The designer’s exit comes less than 18 months after his appointment in September 2020, and will just precede the anticipated final inking of Reebok’s acquisition by Authentic Brands Group, which purchased the brand from its former parent company Adidas in August for $2.5 billion. Reebok struggled to thrive under the massive Adidas umbrella; ABG, meanwhile, is known for acquiring flailing brands including Brooks Brothers, Forever 21, and Juicy Couture. Last week, Reebok announced it would lay off 150 employees in advance of the final deal.
“We want to sincerely thank Kerby for his many contributions to Reebok,” Reebok president Matt O’Toole said in a statement. “The positive impact he has made on the brand will be felt for years to come. We wish him the very best.”
“I enjoyed my time with Reebok and wish the company well in all of its future endeavors,” said the designer.
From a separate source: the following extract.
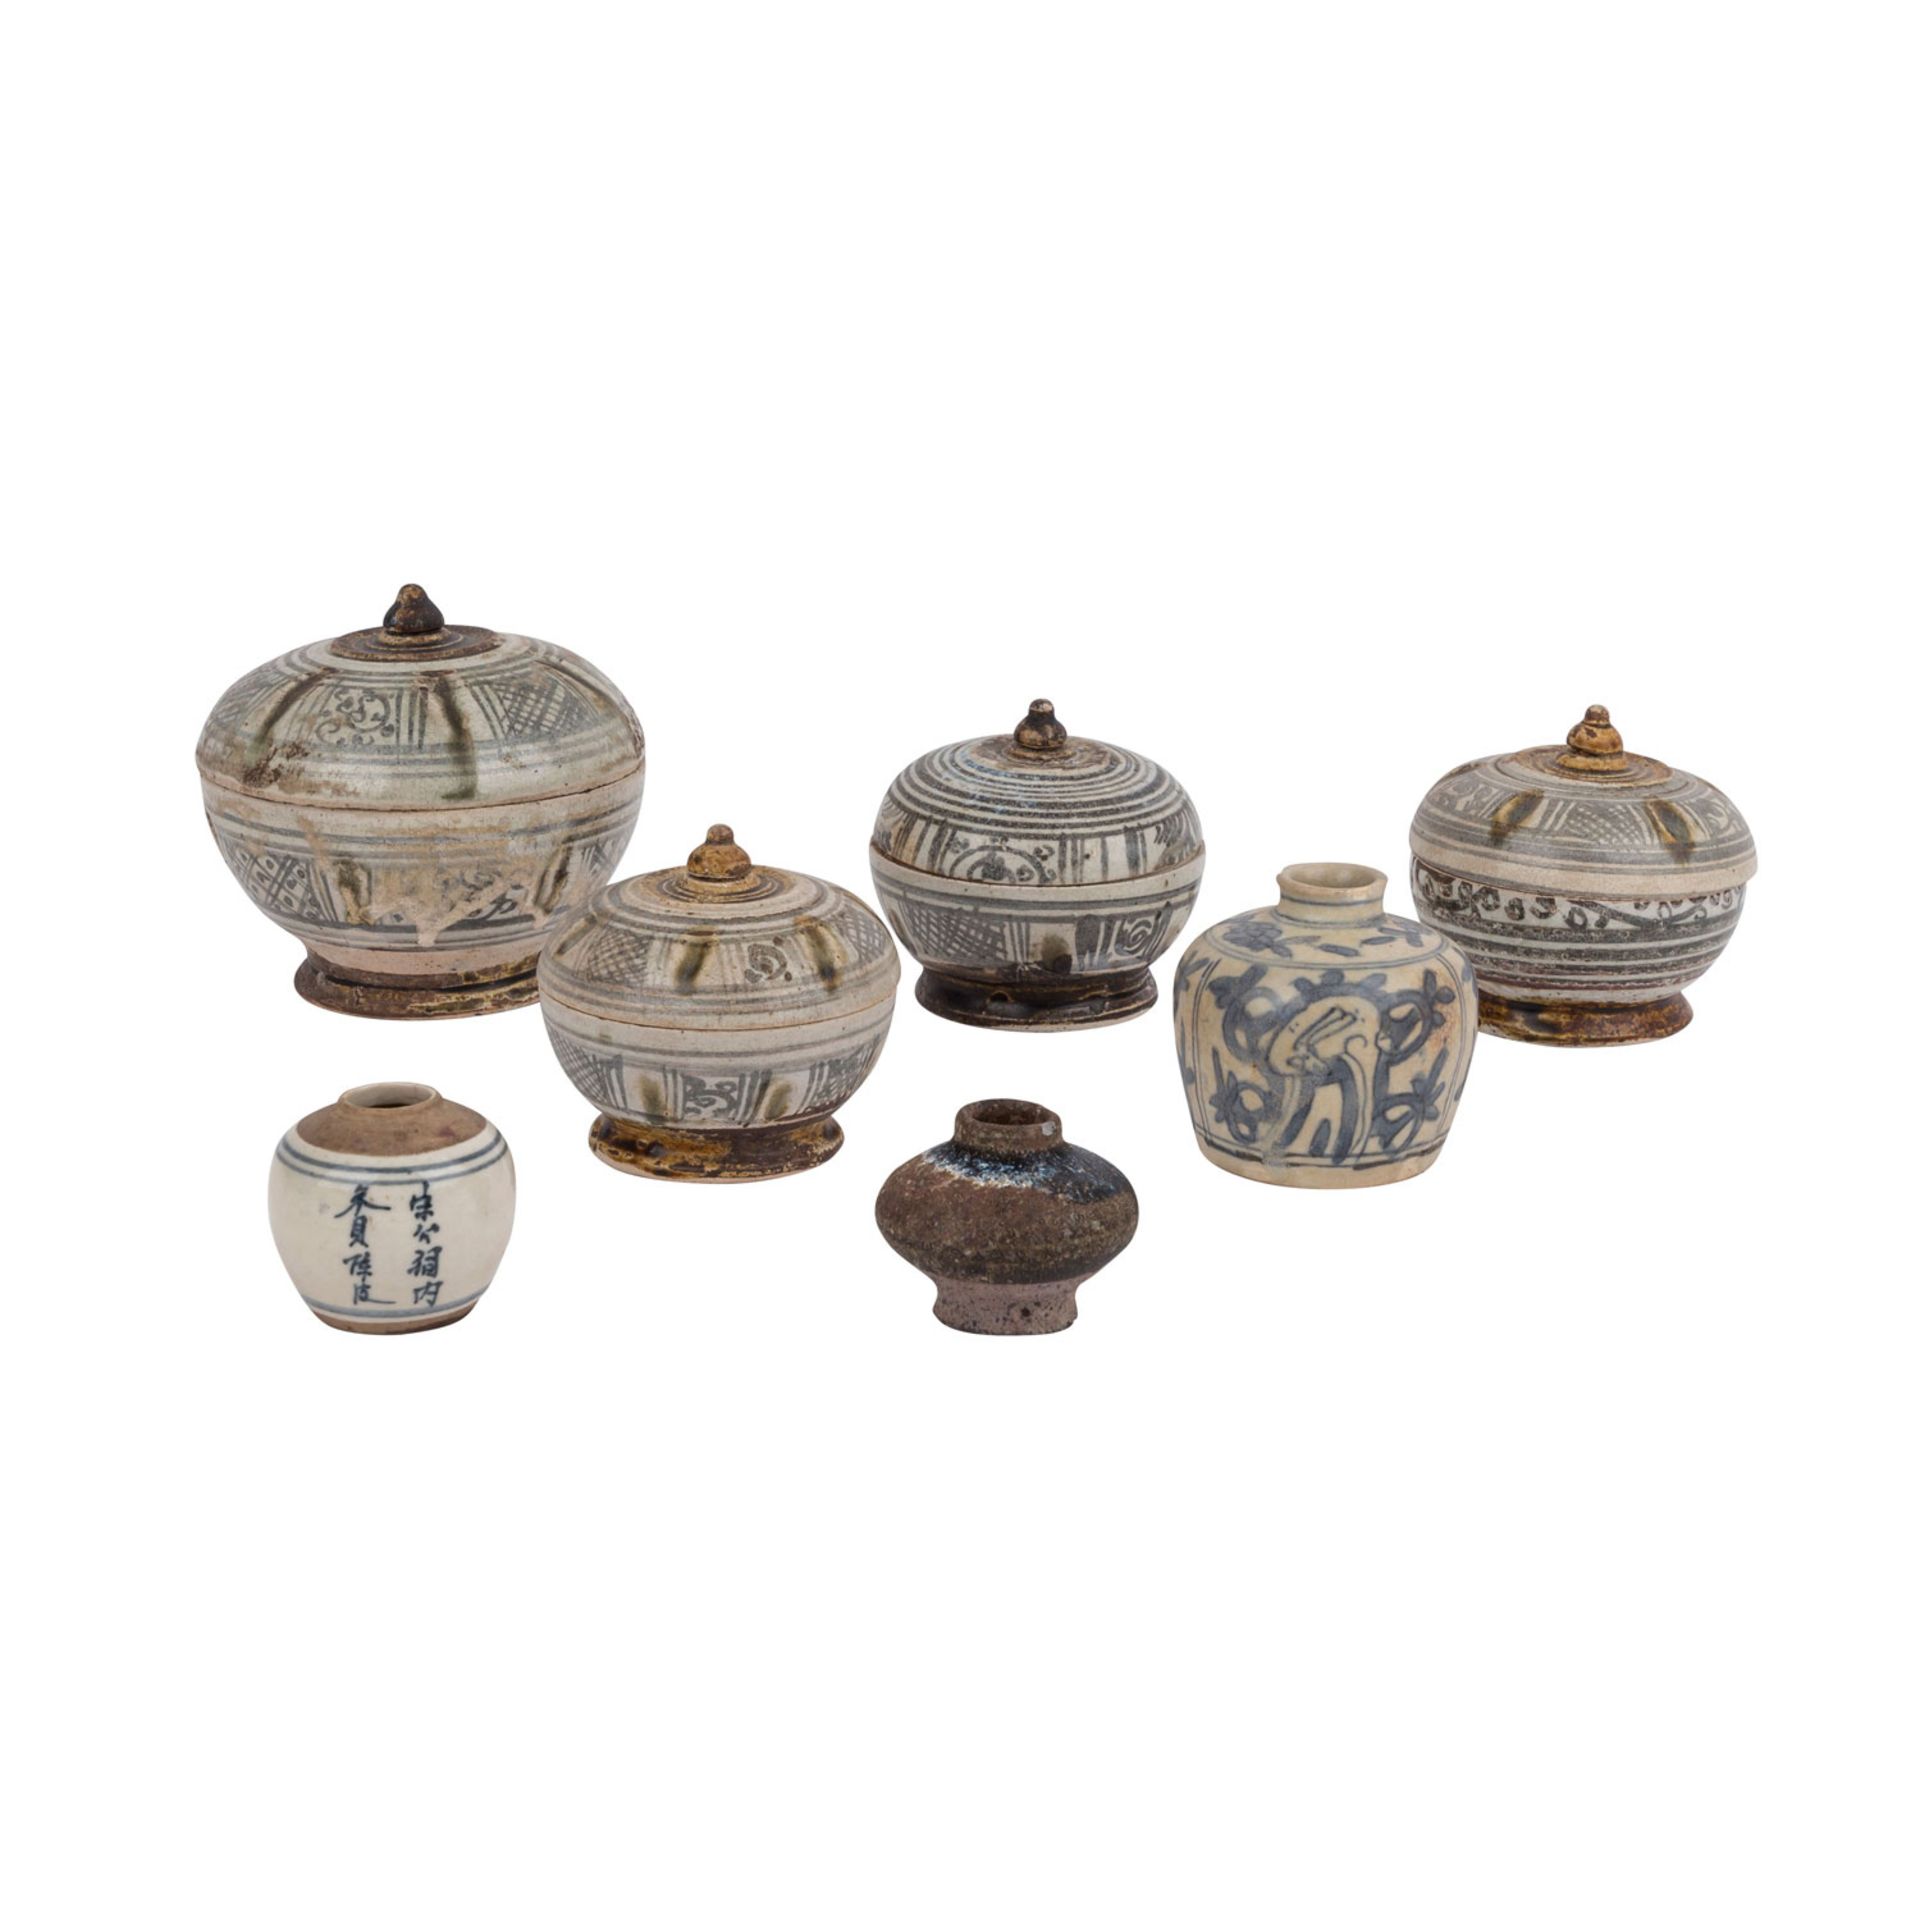 Konvolut: 7 Keramik-Gefäße.: ASIEN/PERSIEN.4 Deckeldosen, D: 9-13 cm; 3 Gefäße, H: 5-8 cm. Alters-

Jean-Raymond began collaborating with Reebok back in 2017, producing hotly anticipated collections of bulbous, mind-bending, and ultimately prophetic sneakers (many designs were literally called “Experiments”). He was previously named artistic director of Reebok Studies ___, a program centered on creating special projects in collaboration with designers and celebrities, as well as growing the brand’s roster of young, up-and-coming talent. The announcement of his creative director appointment in 2020, just weeks after he won the CFDA top prize for American menswear designer of the year, also included the nugget that he would head up Reebok’s social justice-minded “Product with Purpose” initiative; earlier that summer, Jean-Raymond partnered up with French luxury group Kering to launch “Your Friends in New York,” an incubation and support platform for emerging creatives. Last summer, during his Reebok tenure, Jean-Raymond also became the first Black American designer to present a haute couture collection during Paris Couture Week, which paid homage to Black ingenuity and invention.
Prioritizing and celebrating community has always been a throughline in Jean-Raymond’s work, and it’s possible that, for now at least, Pyer Moss may enjoy a more specific scope in line with its local ethos. In December, the brand dropped a collection celebrating its position as “a small couture business” based in New York; on Instagram, Jean-Raymond doubled down: “Very small business.” And insofar as someone’s Instagram Story can be a window into their thoughts, Jean-Raymond’s posts from the last 24 hours may mean something, or nothing at all: among them is screenshot of a tweet that reads, “Being ‘delusional’ with my goals has been the best thing for me lol somehow all my delusions came true”; another is a Spotify “now playing” screenshot of the Nas song “Money Over Bullshit.”
A year before his Reebok creative director appointment, in September 2019, Jean-Raymond told GQ that his aim while stepping into big-title roles within the fashion establishment—at Reebok, or on the board at the CFDA—was “to reach down, or reach vertical, instead of reaching back.” There’s always a next move.